C. Negligent Training
Plaintiffs next bring a claim against Defendant DKMZ that it was negligent in its training of Defendant Bivens. (First Amd. Compl. ¶ 55). Negligent training under Missouri law is a variant of ordinary negligence. Garrett v. Albright, 2008 WL 795621, at *5 (W.D.Mo.2008) (March 21, 2008). Plaintiffs must therefore show:
(1) a legal duty on the part of the defendant to use ordinary care to protect the plaintiff against unreasonable risks of harm; (2) a breach of that duty; (3) a proximate cause between the breach and the resulting injury; (4) actual damages to the plaintiff’s person or property.
*4 Hoover’s Dairy, Inc. v. Mid–America Dairymen, Inc., 700 S.W.2d 426, 431 (Mo.1984) (en banc ). The Court again notes that the only factual allegations made relate to the accident that occurred on January 11, 2013. (First Amd. Compl. ¶¶ 15–34). There is not a single fact related to Defendant DKMZ’s training of Defendant Bivens. The negligent training claim is therefore not facially plausible.

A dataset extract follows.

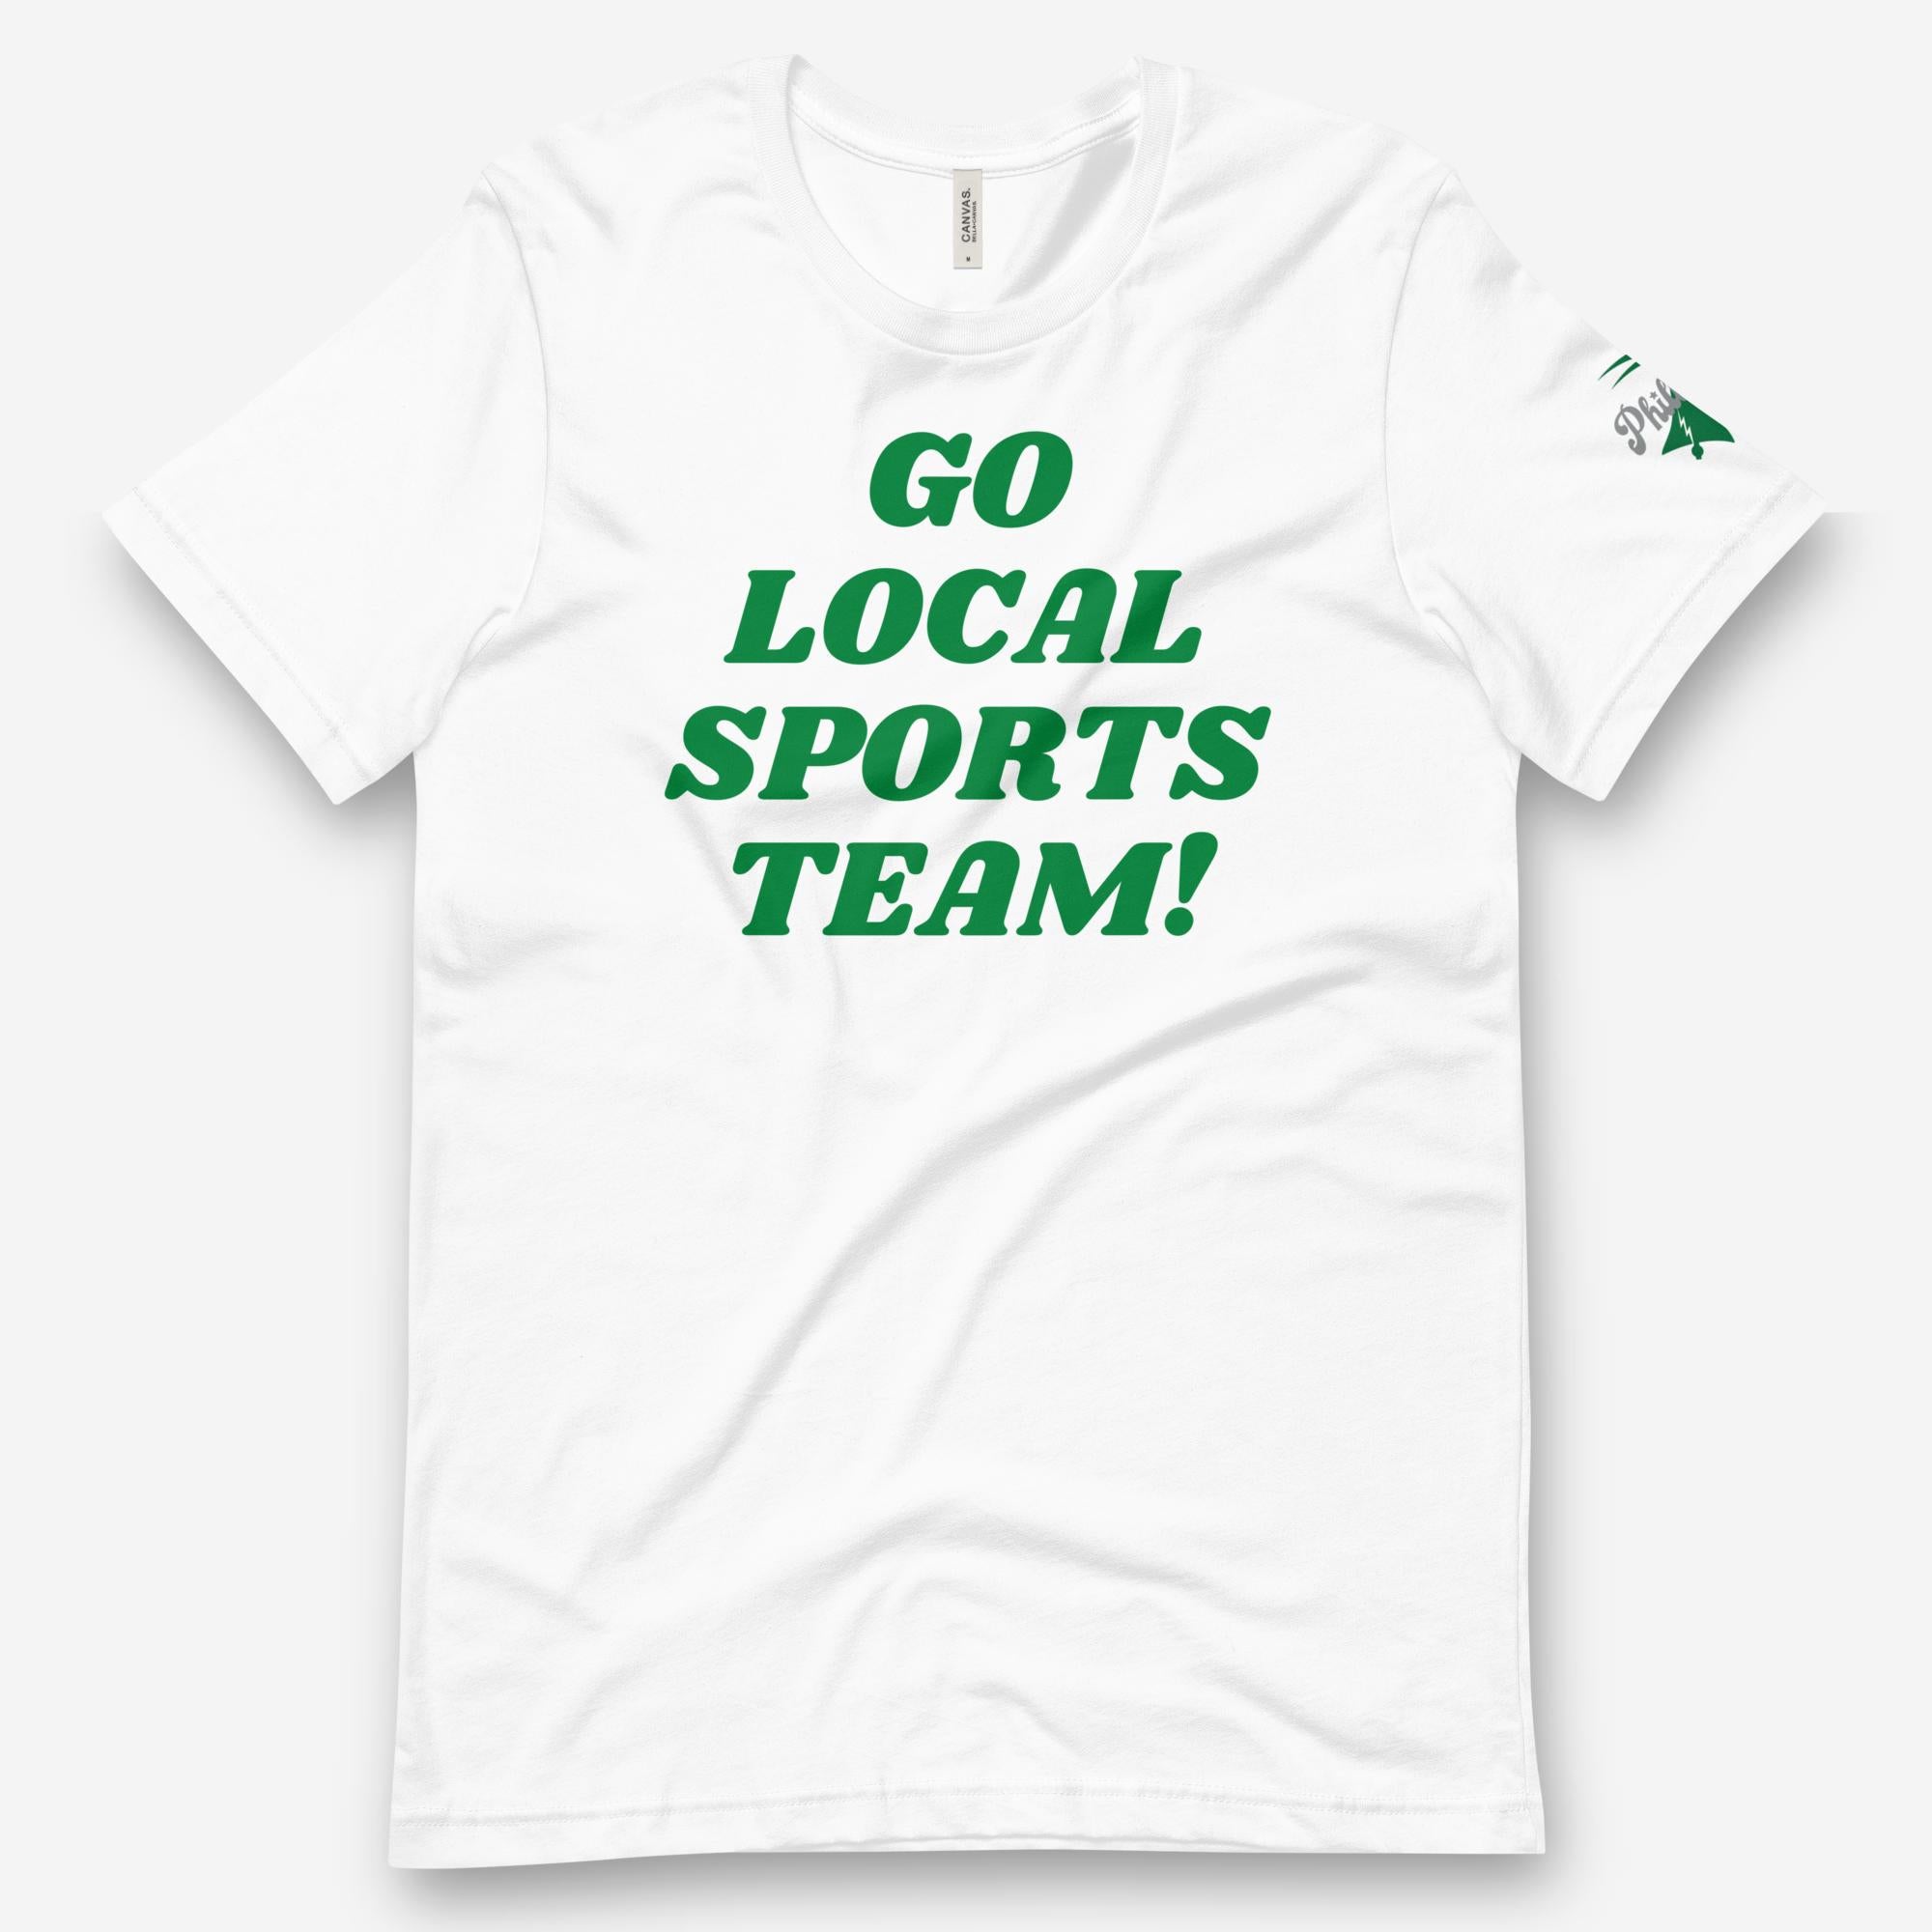 "Go Local Sports Team!" Tee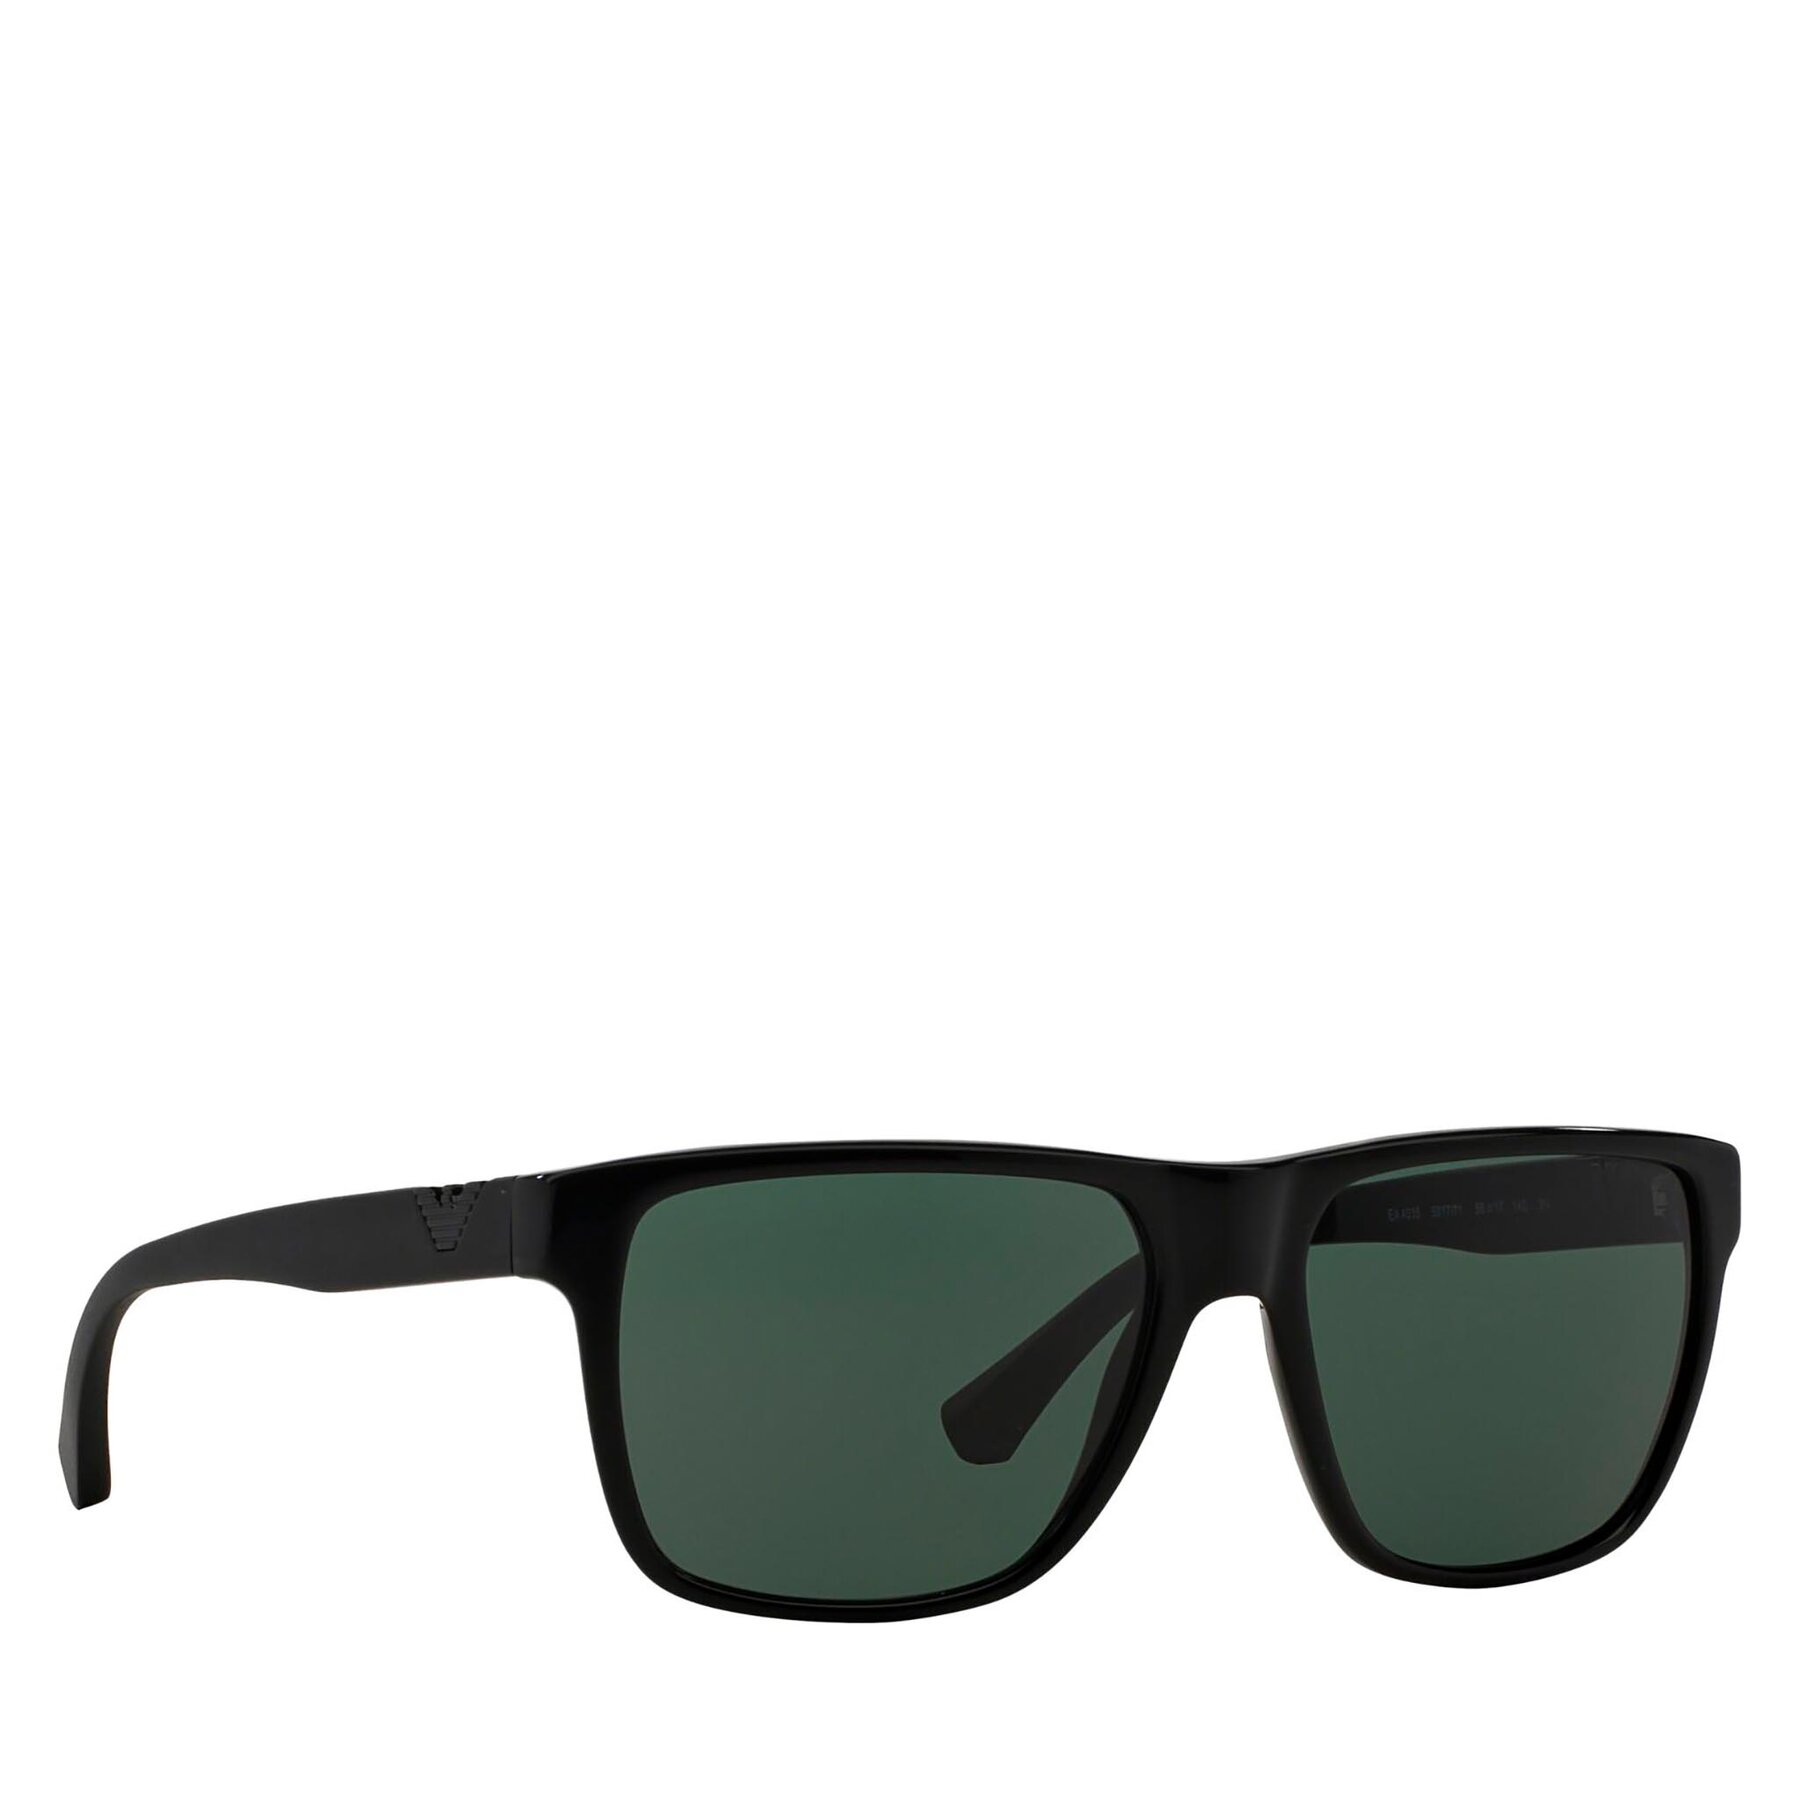 Sunčane naočale Emporio Armani 0EA4035 501771 Shiny Black/Green

D. Negligent Maintenance of Tractor–Trailer
Plaintiffs’ final claim against Defendant DKMZ in Count III is that DKMZ was negligent in its maintenance of the tractor-trailer involved in the accident. (First Amd. Compl.¶ 55). Missouri courts analyzing negligent maintenance claims seem to approach them as a variation of ordinary negligence. See, e.g., Edwards v. Shelter Mutual Insurance Co., 280 S.W.3d 159, 163–64 (Mo.Ct.App.2009). As with the other claims listed under Count III, Plaintiffs put forward no factual allegations that would support a negligent maintenance claim.
III. Count IV
A. Negligent Hiring, Retention, and Maintenance
In Count IV, Plaintiffs bring against Defendant FedEx claims that FedEx negligently hired and retained Defendants DKMZ and Bivens, negligently supervised Defendants Bivens and DKMZ, and negligently maintained the tractor-trailer involved in the accident. (First Amd. Compl. ¶ 63). These claims contain the same flaws contained in the parallel Count III claims against Defendant DKMZ. There are simply no factual allegations to support the claims, and they therefore are not facially plausible.
B. Negligent Contracting
The final claim brought against Defendant FedEx is that FedEx was negligent in contracting with Defendants DKMZ and Bivens. (First Amd. Compl. ¶ 63). Missouri cases do not recognize or set forth the elements of a claim for “negligent contracting,” nor does the Restatement of Torts contain such a cause of action. Plaintiffs make no attempt explain their asserted cause of action, (First Amd.Compl. ¶ 63; Memorandum in Opposition to Motion to Dismiss Count IV), and the Court finds that the facts alleged fail to support a negligence claim related to FedEx’s act of contracting.
CONCLUSION
Accordingly,
IT IS HEREBY ORDERED that Defendants’ Motion to Dismiss Count II is DENIED.
IT IS FURTHER ORDERED that Defendants’ Motion to Dismiss Count III is GRANTED, and Count III of Plaintiffs’ First Amended Complaint is DISMISSED.
IT IS FINALLY ORDERED that Defendants’ Motion to Dismiss Count IV is GRANTED, and Count IV of Plaintiffs’ First Amended Complaint is DISMISSED.